From: Tab Atkins Jr. <jackalmage@gmail.com>
Date: Tue, 21 Dec 2010 11:58:00 -0800
Message-ID: <AANLkTikddRLCSYKxRmGg+DrAFvQpX+1yRfivb0acxZnR@mail.gmail.com>
To: Boris Zbarsky <bzbarsky@mit.edu>
Cc: Glenn Maynard <glenn@zewt.org>, public-webapps@w3.org
On Mon, Dec 20, 2010 at 5:49 PM, Boris Zbarsky <bzbarsky@mit.edu> wrote:
> On 12/20/10 7:42 PM, Glenn Maynard wrote:
>>
>> Has a hash functions API been considered, so browsers can expose, for
>> example, a native SHA-1 implementation?  Doing this in JS is possible,
>> but painfully slow, even with current JS implementations.
>
> Before we go further into this, can we quantify "painfully slow" so we have
> some idea of the magnitude of the problem?
>
> Using the testcase at https://bugzilla.mozilla.org/attachment.cgi?id=487844
> but modifying the input string to be 768 chars, I see a current js
> implementation on modern laptop hardware take around 7 seconds to hash it
> 50,000 times.

I get similar times for an MD5 implementation I found and chopped down.
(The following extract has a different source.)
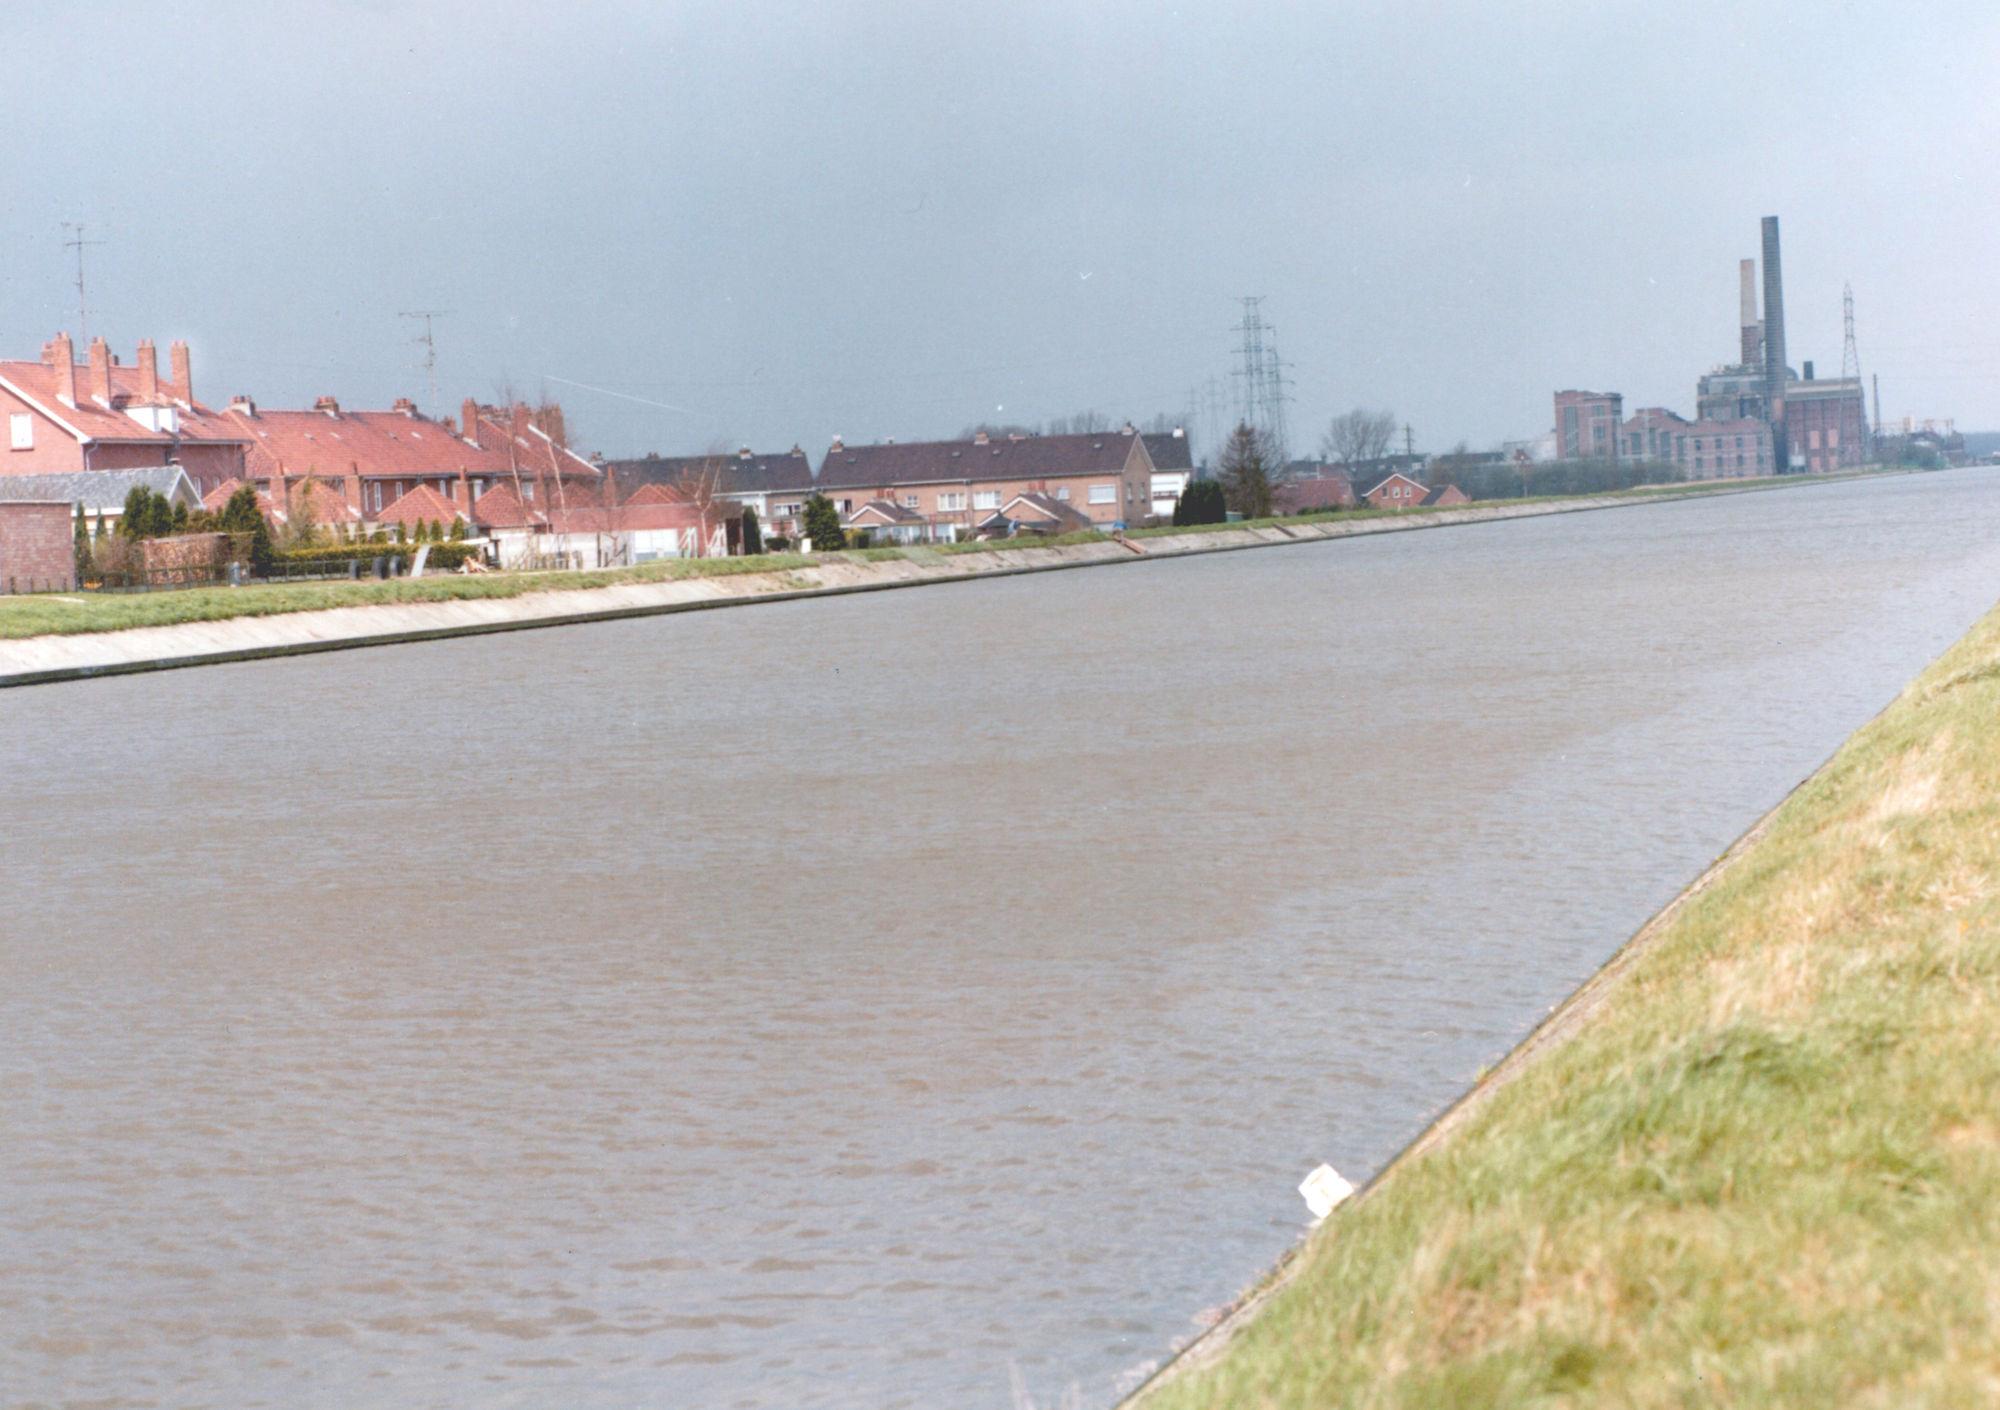 Kanaal Bossuit-Kortrijk in Zwevegem-Knokke 1981
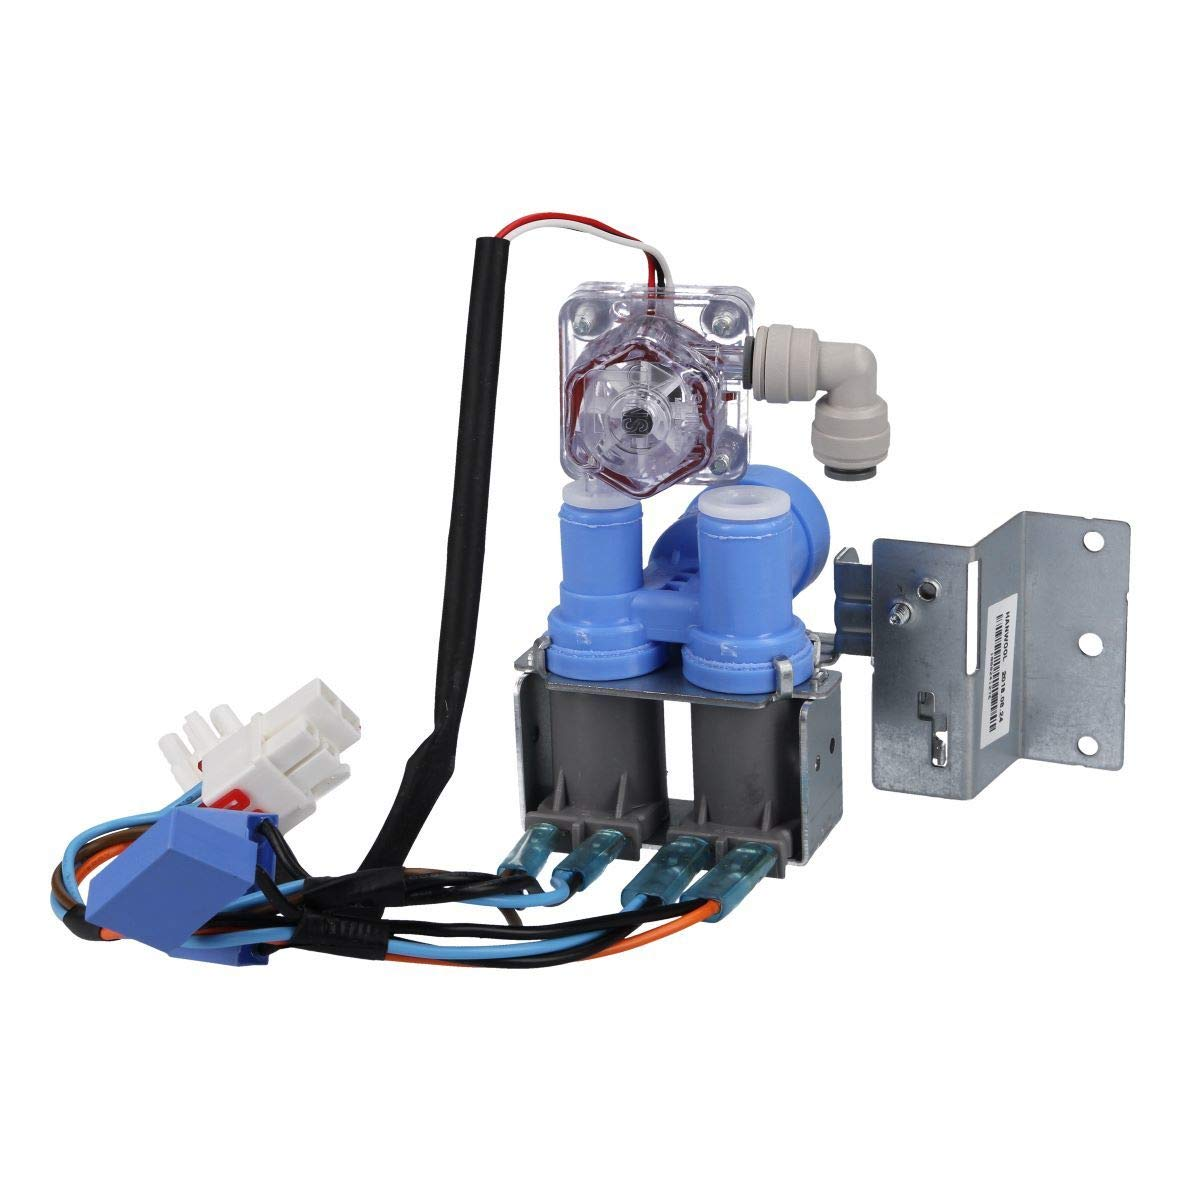 Bosch Siemens 497830 00497830 ORIGINAL Zweiwegeventil Magnetventil Elektroventil Ventil zweifach K/ühlautomat K/ühlschrank K/ühlger/ät auch Balay Constructa Neff

> So I guess the question is how much data we want to be pushing through the
> hash function and what throughput we expect, and whether we think JS engines
> simply won't get there or will take too long to do so.

Notice that all three of the OP's use-cases were based on checksumming
files.  I don't know how reading in a Blob and then hashing it would
compare to just hashing an equivalent string, but I suspect it would
have a decent perf hit.  This seems like a pretty useful ability in
general, enough so that it's probably worthwhile to build it in
directly as a Blob.checksum() function or something.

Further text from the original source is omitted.